The 62 endogenous porcine retrovirus genes have been inactivated in pig cells. Are piglets next? Credit: Nic Benner/University of Missouri

CRISPR-Cas technology has been used in a broad range of applications, including multiplexing. Up to five genes have been targeted in the same cell1, but whether this number could be extended by much was not clear. In a new demonstration of the capabilities of the CRISPR-Cas system, George Church, Luhan Yang and colleagues recently reported simultaneously editing 62 related genes in pig cells2.

Engineering the genome of pigs is not a new idea. A strong incentive for altering the genetic makeup of these animals is to make them more suitable as donors for xenotransplantation. Pig organs are roughly the same size as those of humans and share similar vascular architecture. Tens of thousands of individuals could receive life-saving transplants every year if the remaining hurdles in xenotransplantation were overcome. One such challenge is the potential transmission of porcine endogenous retroviruses (PERVs) to humans.

Aiming to inactivate PERVs, Church, Yang and colleagues began by determining how many PERV elements are present in the genome of pig cells, and identified 62. Then, they designed two Cas9 guide RNAs that would target the pol gene, an essential and conserved PERV gene, in all 62 PERVs. They expressed the guide RNAs and Cas9 in PK15 cells, a pig kidney epithelial cell line, and sequenced clones to determine the extent of editing that had occurred. They found a small number of clones that had up to 100% disruption of the pol gene, along with evidence suggesting that this high efficiency was due to a mechanism in which previously edited pol genes were used as templates to disrupt wild-type pol genes. Elucidating the intricacies of this mechanism may uncover interesting biology and further potential applications of the approach.

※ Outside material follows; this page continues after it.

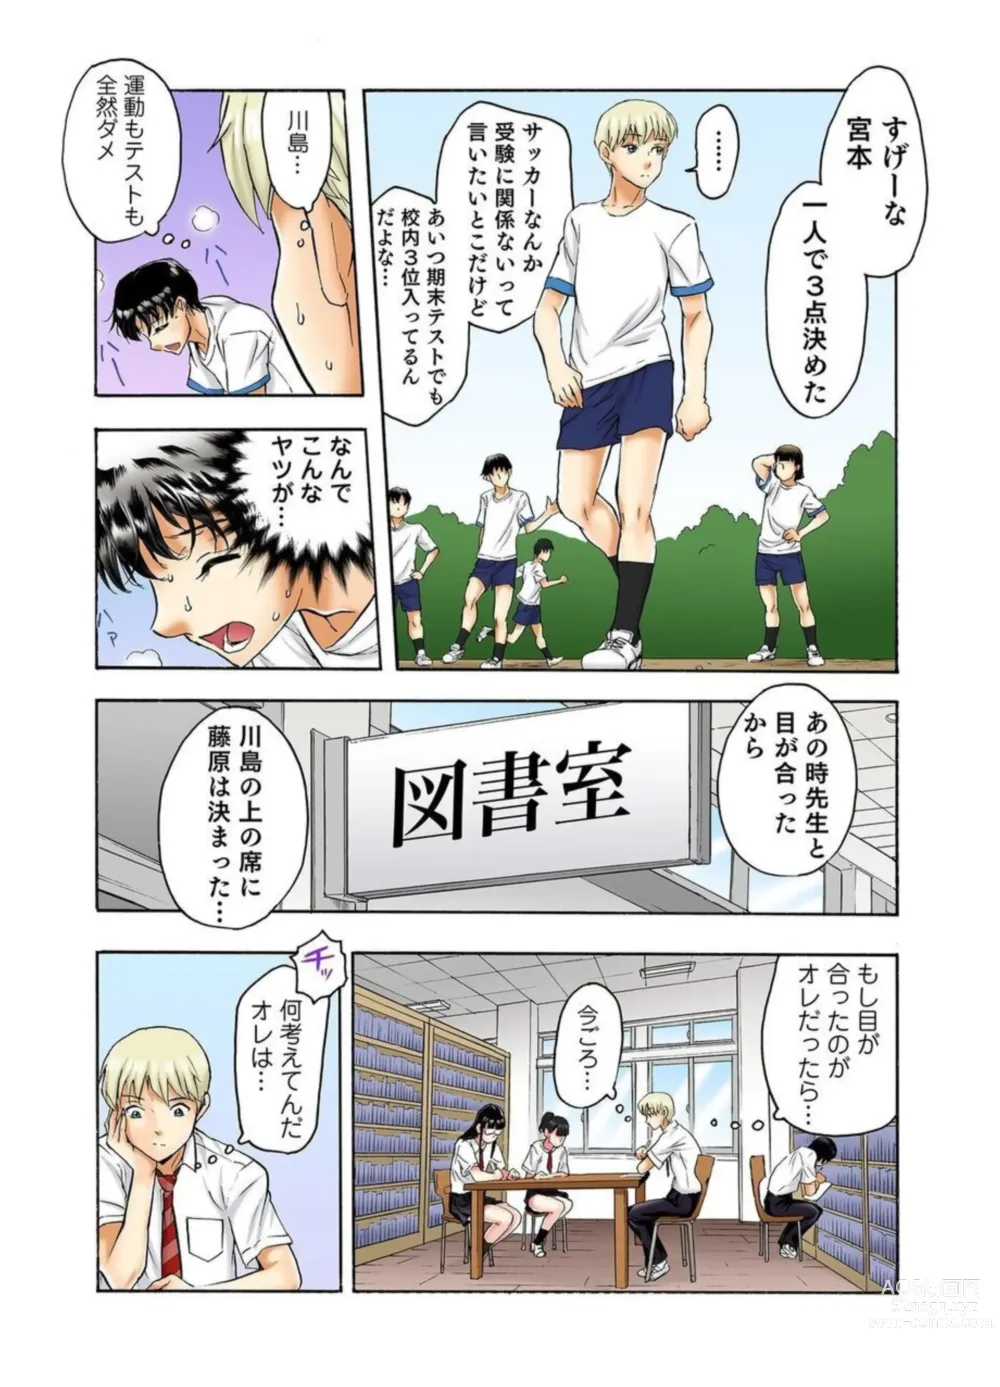 Page 10 of manga Tenkousei no Seki ga Ore no Hiza no Ue ni Kimatta no de Hame Temita Dai 2-bu 1-2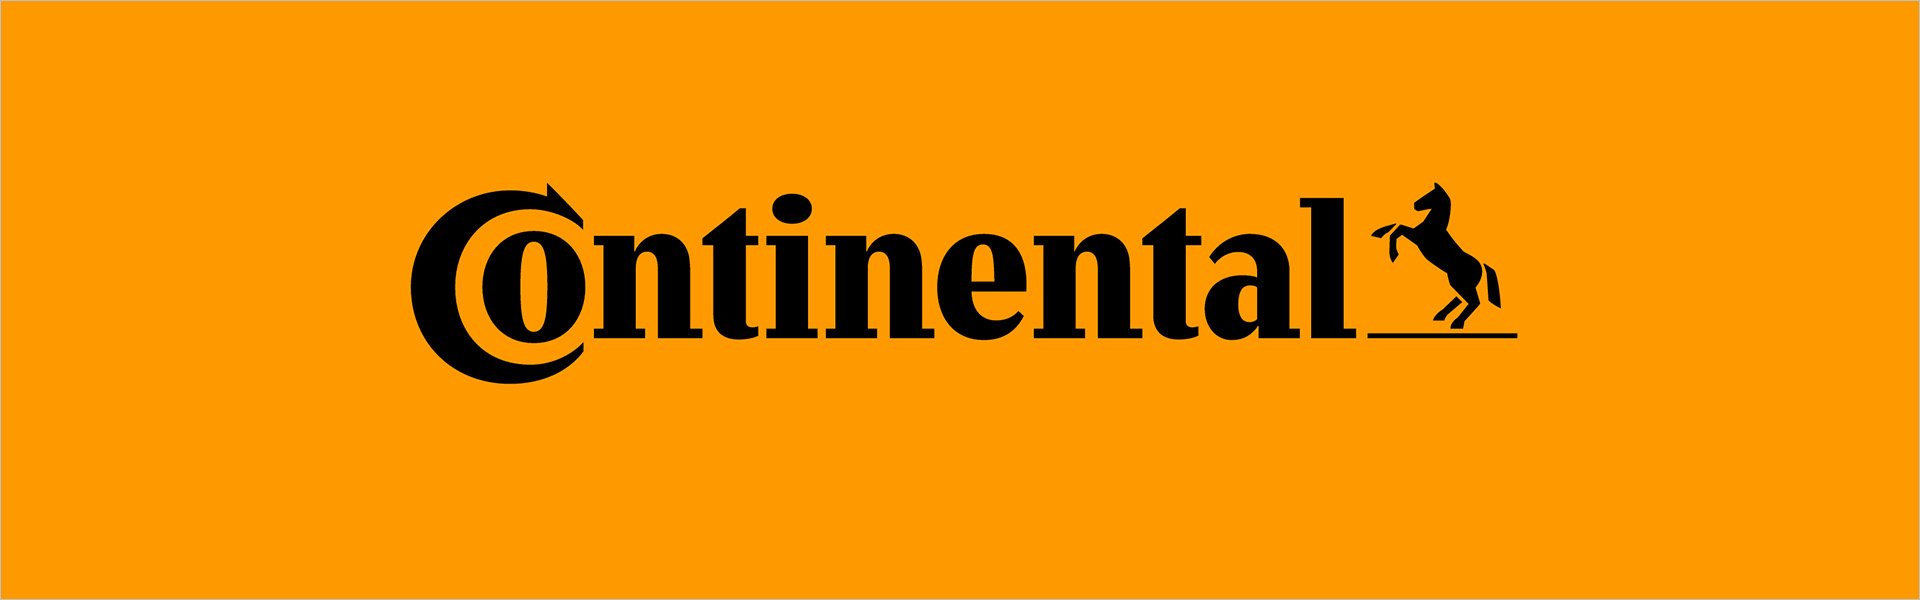 Continental ContiSportContact, 3 235/35R19 91 Y XL FR

“This illustrates the power of the CRISPR technology,” says Randall Prather, of the University of Missouri. “A few years ago we wouldn't have thought of doing this because inactivating 62 genes, or even a family of 10 genes, would have been quite complicated with traditional homologous recombination.”

Editing 62 genes, even if closely related, is certainly a feat, and the engineered cells showed a 1,000-fold reduction in PERV transmission to human cells. That said, whether PERV transmission is likely to be a problem in xenotransplantation is not clear. Kevin Wells, also from the University of Missouri, says that PERV transmission was on the list of things to examine, but probably not at the top. “We don't know what the actual risk is,” he says. Although there is evidence that PERV transmission can occur in vitro, “no one has observed transmission of PERVs in experiments where a nonhuman primate received a pig organ,” says Wells. In addition, alternative approaches could be used, such as employing pig lines that do not produce human-tropic, replication-competent PERVs3.

Organ rejection continues to be the major hurdle in xenotransplantation. Although acute organ rejection has been addressed, immune rejection is still a considerable problem. On that front, Wells points out that CRISPR-Cas9 genome editing could be used to target pig genes encoding antigenic carbohydrates or proteins. Inactivation of porcine circulating proteins that don't interact well with their human counterparts could also help efforts to make xenotransplantation a reality.